December 8, 2014

C3D: Generic Features for Video Analysis

By: Du Tran, Manohar Paluri

Multimedia on Internet is growing rapidly, resulting in an explosion in the number of videos being shared. The challenge we all face how to sort through all these videos, figure out what they’re about, and enable people to find the ones they’re interested in.

The computer vision community has worked on video analysis for decades and tackled different problems. Currently, we lack a generic feature descriptor for videos, which can be used for a variety of video processing problems. Such a generic feature descriptor helps in solving video analysis tasks in a homogeneous way, thus also enables large-scale video applications.

In a recent paper, we introduce C3D (Convolution3D), a new generic feature for videos. C3D is discriminative, compact, and efficient to compute. C3D is obtained by training a deep 3D convolutional network on a large annotated video dataset. The dataset contains various concepts encompassing objects, actions, scenes and other frequently occurring categories in videos. Figure 1 summarizes various uses cases of C3D.

post00078_image0001

Our deep network is built on 3D convolution and pooling operations. 3D convolution models spatiotemporal signals better than traditional 2D-based convolutional nets. Figure 2 shows the difference between 2D and 3D convolutions applied on multiple video frames, as it does not collapse all the temporal information. In this work, we pick the best performing architecture [1] and adapt it to 3D convolutions. To our knowledge this is the deepest convolutional 3D network trained on the largest annotated video dataset.

post00078_image0002

Using C3D features and a simple linear SVM, we achieve state of the art performance on scene classification (96.7% on YUPENN[2] and 77.7% on Maryland[3]), objet classification (15.3% on egocentric object[4]) and action similarity labeling (72.9% on ASLAN[5]) problems in the video domain. We also approach the current best performance on action classification (76.4% on UCF101[6]) without using optical flow. C3D is 91 times faster than improved dense trajectories [7] and 2 orders magnitude faster than two-stream networks [8].
Figure 3 visualizes the semantic embedding of C3D features and Imagenet [9] features for the UCF101 dataset using tSNE [10]. As can be seen, C3D features are more generic when applied to other video datasets on other tasks without further fine-tuning.

post00078_image0003

References

The pre-trained model and the code are available here.

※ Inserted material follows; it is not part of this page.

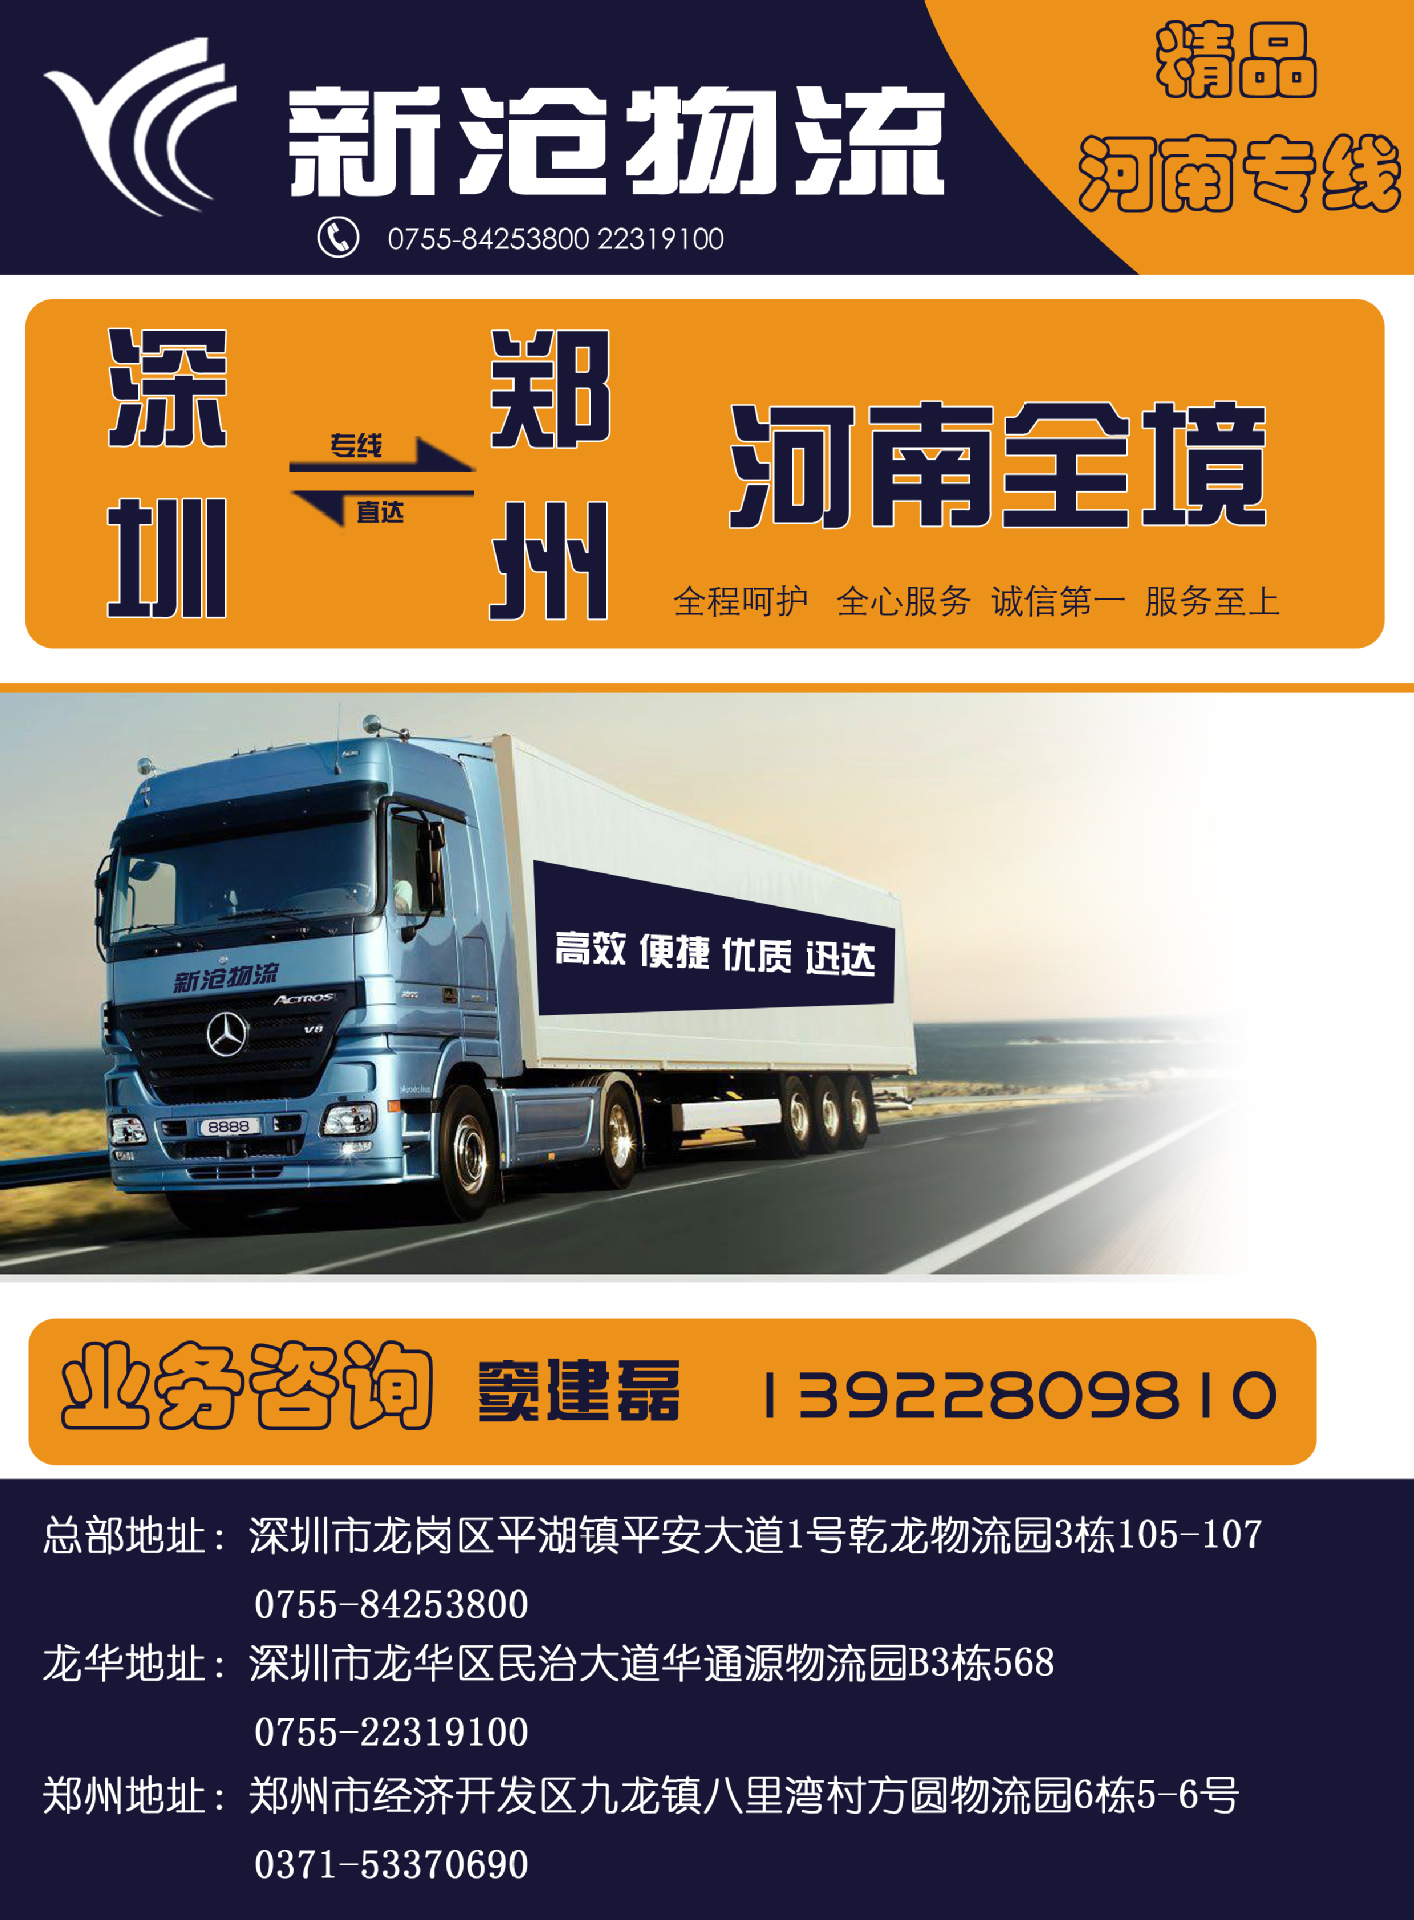 深圳至北京 天津专线物流 支持快件运输 深圳物流公司 专线物流

[1] K. Simonyan and A. Zisserman. Very deep convolutional networks for large-scale image recognition. CoRR, abs/1409.1556, 2014.
[2] K. Derpanis, M. Lecce, K. Daniilidis, and R. Wildes. Dynamic scene understanding: The role of orientation features in space and time in scene classification. In CVPR, 2012.
[3] N. Shroff, P. K. Turaga, and R. Chellappa. Moving vistas:Exploiting motion for describing scenes. In CVPR, 2010.
[4] X. Ren and M. Philipose. Egocentric recognition of handled objects: Benchmark and analysis. In the First Workshop on Egocentric Vision, 2009.
[5] O. Kliper-Gross, T. Hassner, and L. Wolf. The action similarity labeling challenge. TPAMI, 2012.
[6] K. Soomro, A. R. Zamir, and M. Shah. UCF101: A dataset of 101 human action classes from videos in the wild. In CRCV-TR-12-01, 2012.
[7] H. Wang and C. Schmid. Action recognition with improved trajectories. In ICCV, 2013.
[8] K. Simonyan and A. Zisserman. Two-stream convolutional networks for action recognition in videos. In NIPS, 2014.
[9] J. Donahue, Y. Jia, O. Vinyals, J. Hoffman, N. Zhang, E. Tzeng, and T. Darrell. Decaf: A deep convolutional activation feature for generic visual recognition. In ICML, 2013.
[10] L. van der Maaten and G. Hinton. Visualizing data using t-sne. JMLR, 9(2579-2605):85, 2008.